In discussing the effect of labor market conditions on inflation, a number of participants expressed skepticism about recent studies suggesting that long-term unemployment provides less downward pressure on wage and price inflation than short-term unemployment does. A couple of participants cited other research findings that both short- and long-term unemployment rates exert pressure on wages, with the effects of long-term unemployment increasing as the level of short-term unemployment declines. Moreover, a few participants pointed out that because of downward nominal wage rigidity during the recession, wage increases are likely to remain relatively modest for some time during the recovery, even as the labor market strengthens. It was also noted that because inflation was expected to remain well below the Committee's 2 percent objective and the unemployment rate was still above participants' estimates of its longer-run normal level, the Committee did not, at present, face a tradeoff between its employment and inflation objectives, and an expansion of aggregate demand would result in further progress relative to both objectives.

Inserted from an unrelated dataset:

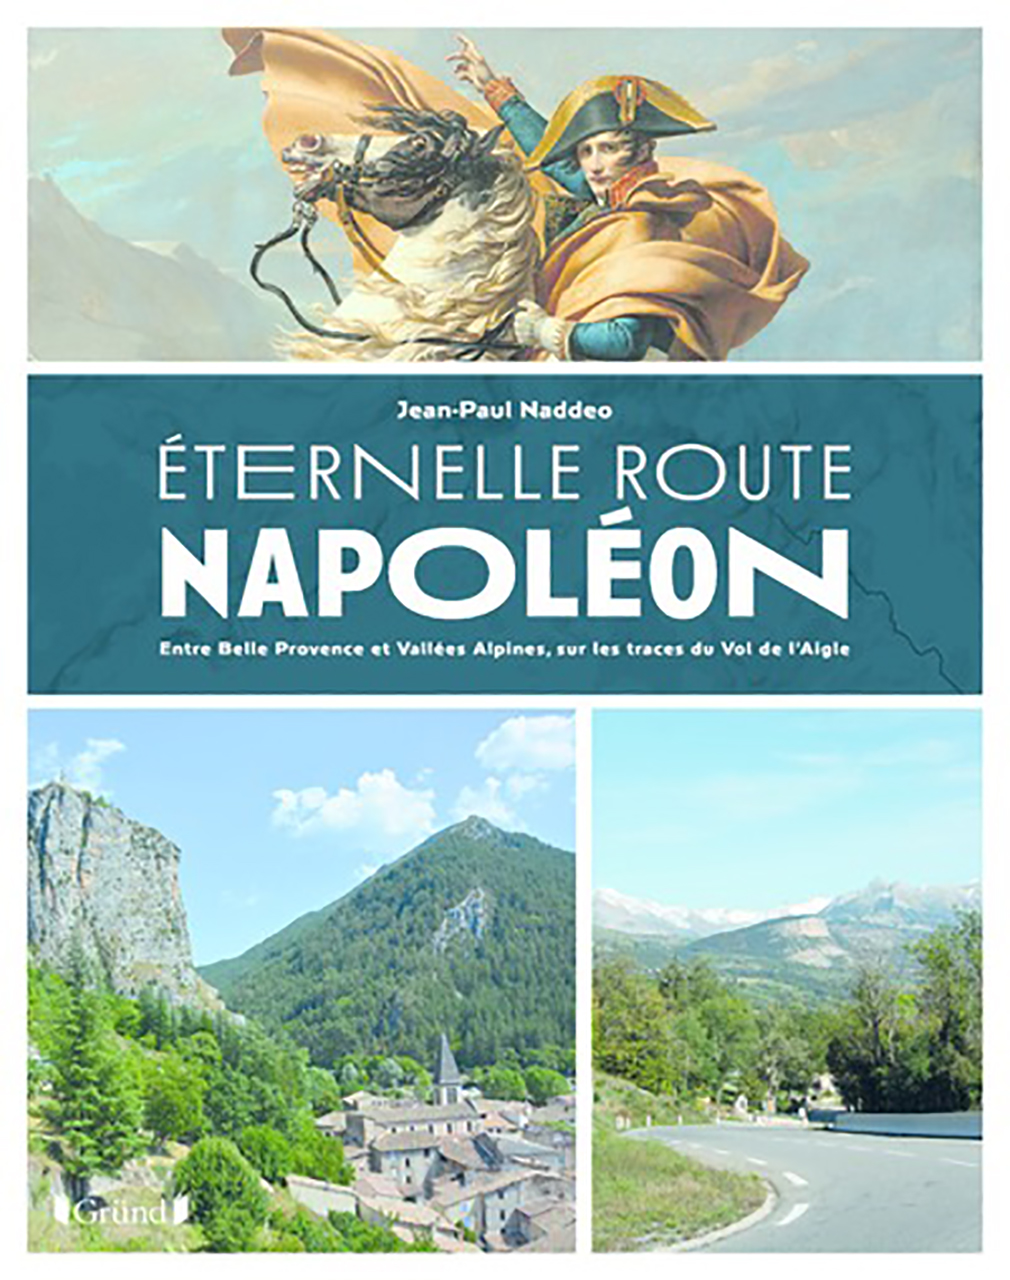 Eternelle route napoleon - entre belle proven

Inflation continued to run below the Committee's 2 percent longer-run objective over the intermeeting period. Many participants saw the recent behavior of the prices of food, energy, shelter, and imports as consistent with a stabilization in inflation and judged that the transitory factors that had reduced inflation, such as declines in administered prices for medical services, were fading. Most participants expected inflation to return to 2 percent within the next few years, supported by highly accommodative monetary policy, stable inflation expectations, and a continued gradual recovery in economic activity. However, a few others expressed the concern that the return to 2 percent inflation could be even more gradual.

In their discussion of financial stability, participants generally did not see imbalances that posed significant near-term risks to the financial system and the broader economy, but they nevertheless reviewed some financial developments that pointed to potential future risks. A couple of participants noted that conditions in the leveraged loan market had become stretched, although equity cushions on new deals remained above levels seen prior to the financial crisis. Two others saw declining credit spreads, particularly on speculative-grade corporate bonds, as consistent with an increase in investors' appetite for risk. In addition, several participants noted that the low level of expected volatility implied by some financial market prices might also signal an increase in risk appetite. Some stated that it would be helpful to continue to explore the appropriate regulatory, supervisory, and monetary policy responses to potential risks to financial stability.

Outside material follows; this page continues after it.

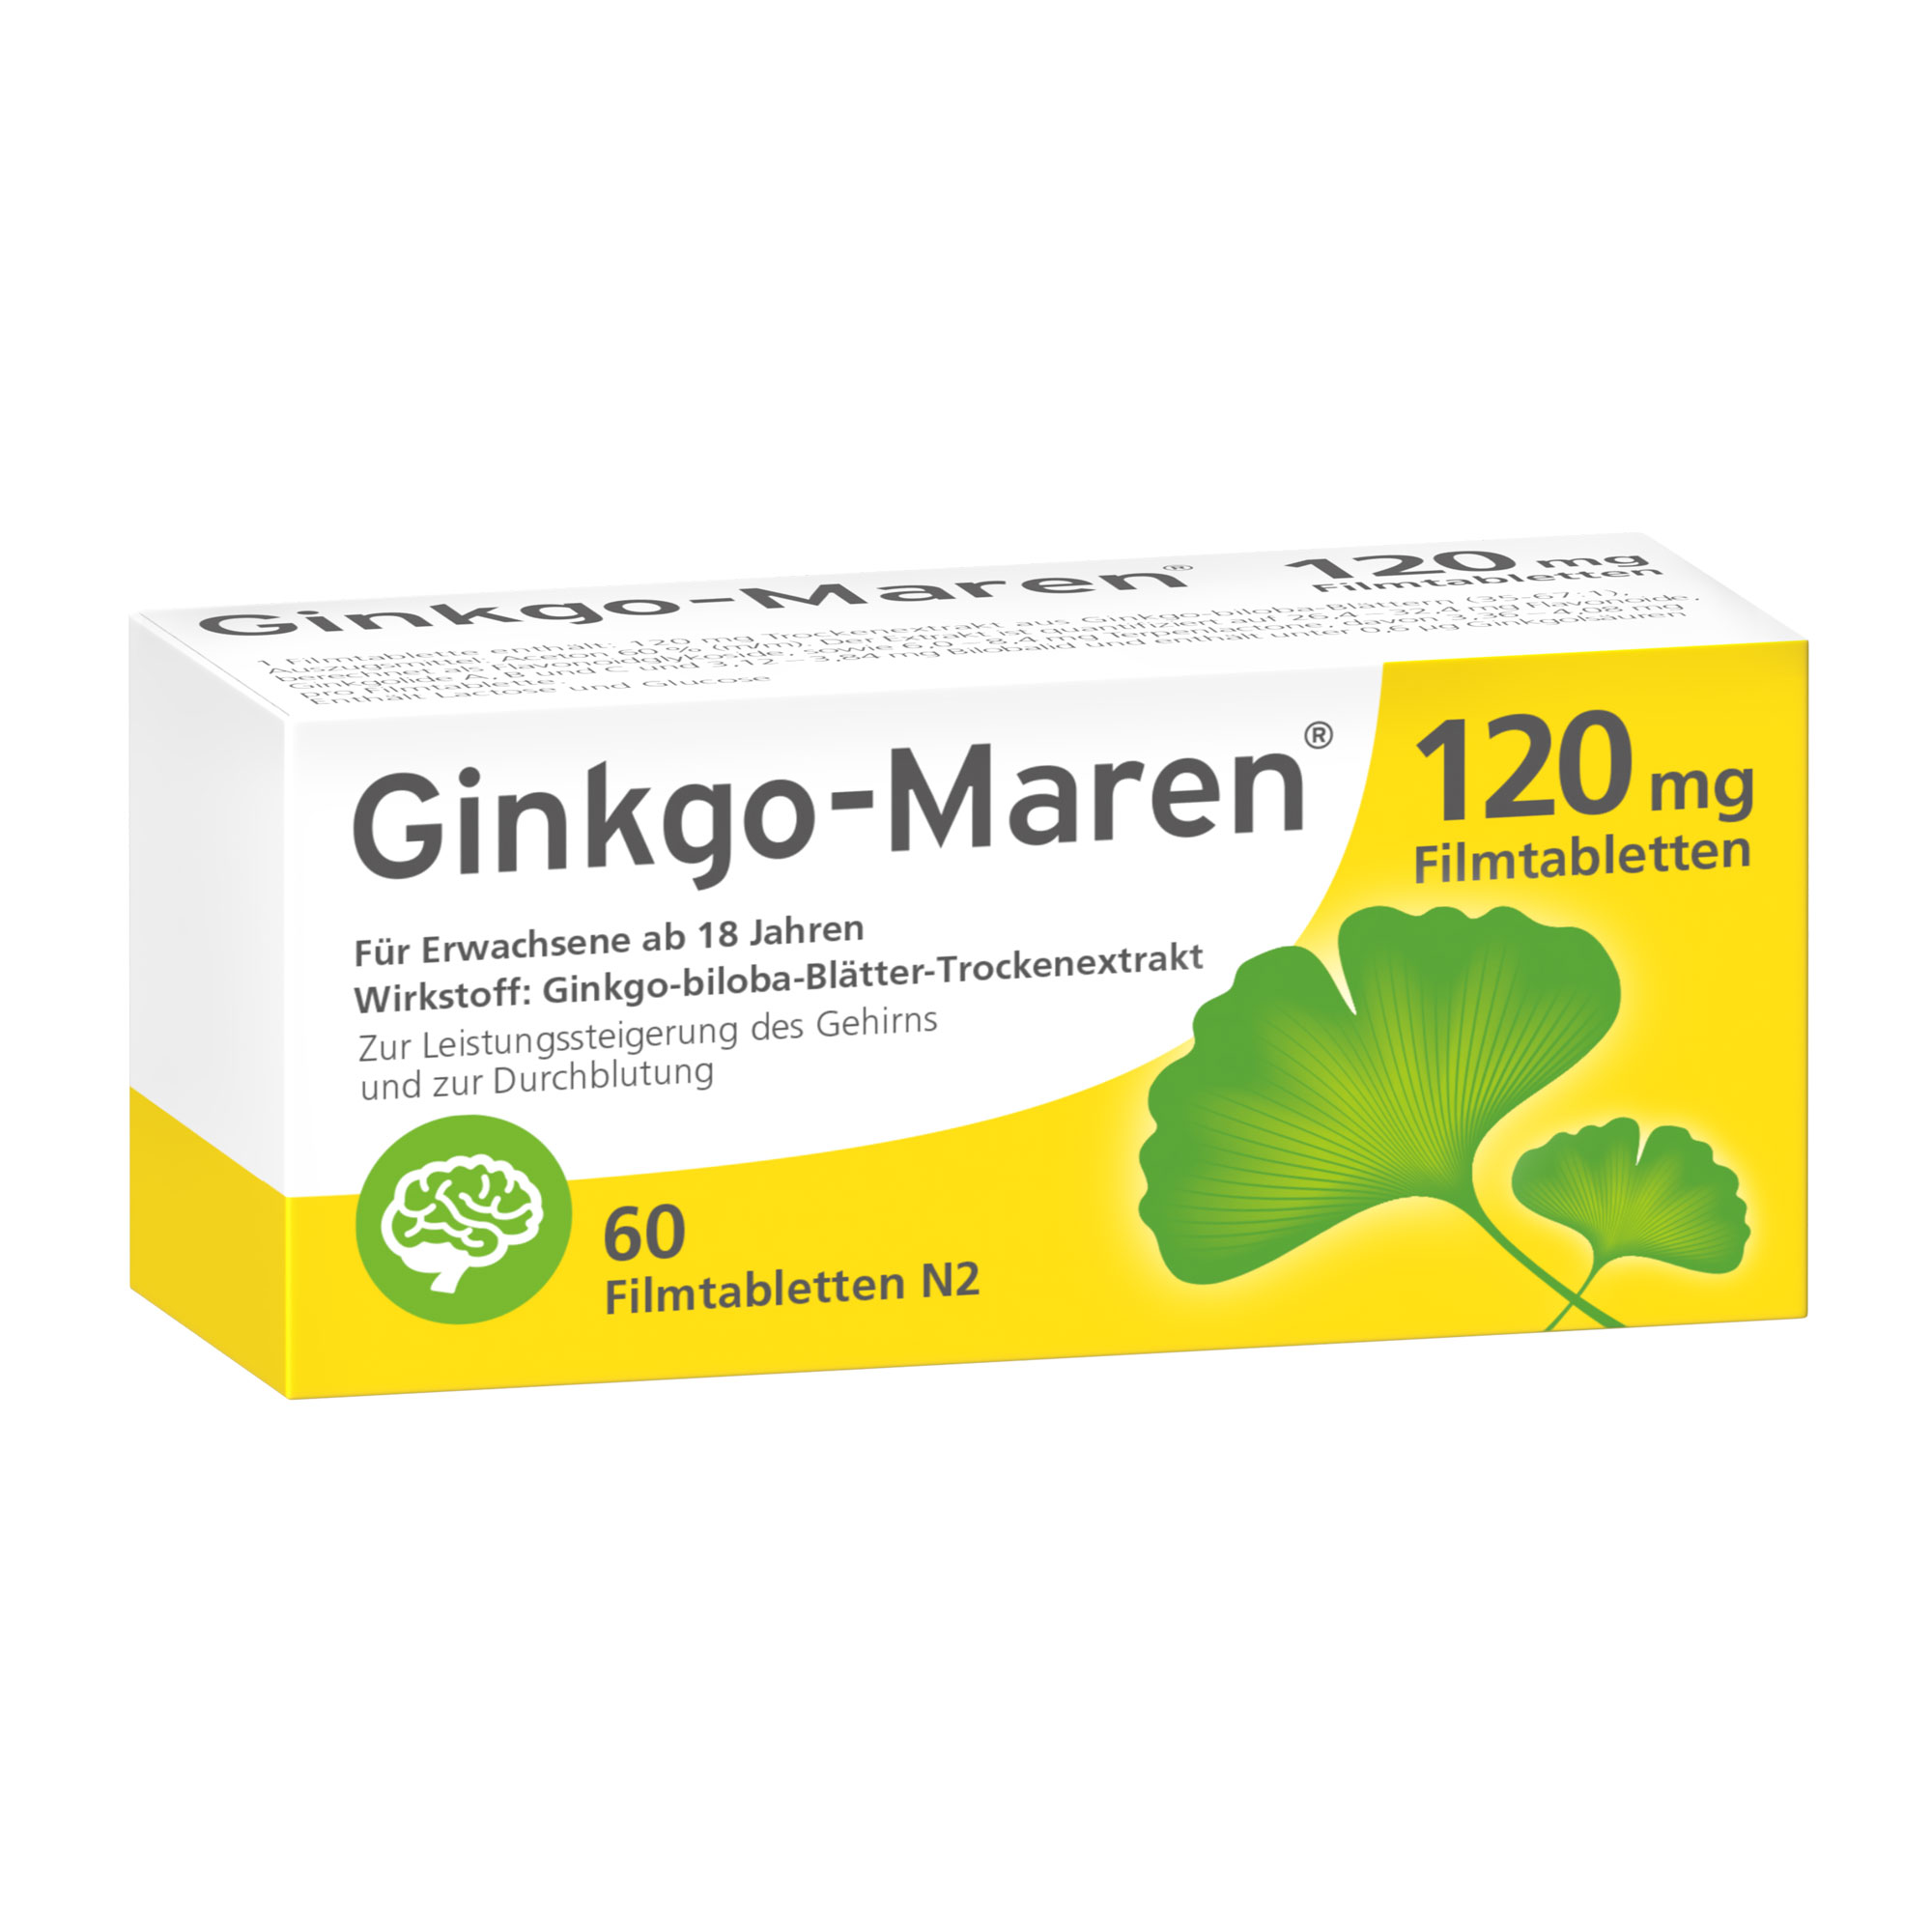 Fördert die Konzentration, stärkt die Gedächtnisleistung und unterstützt die geistige Leistungsfähigkeit. Mit 120 mg Trockenextrakt aus Ginkgo-biloba-Blättern.

It was noted that the changes to the Committee's forward guidance at the March FOMC meeting had been well understood by investors. However, a number of participants emphasized the importance of communicating still more clearly about the Committee's policy intentions as the time of the first increase in the federal funds rate moves closer. Some thought it would be helpful to clarify the reasoning underlying the language in the FOMC's postmeeting statement indicating that even after employment and inflation are near mandate-consistent levels, economic conditions may, for some time, warrant keeping the target federal funds rate below levels the Committee views as normal in the longer run. In addition, a few participants judged that additional clarity about the Committee's reaction function could be particularly important in the event that future economic conditions necessitate a more rapid rise in the target federal funds rate than the Committee currently anticipates. A number of participants suggested that it would be useful to provide additional information regarding how long the Committee would continue its policy of rolling over maturing Treasury securities at auction and reinvesting principal payments on all agency debt and agency mortgage-backed securities in agency mortgage-backed securities.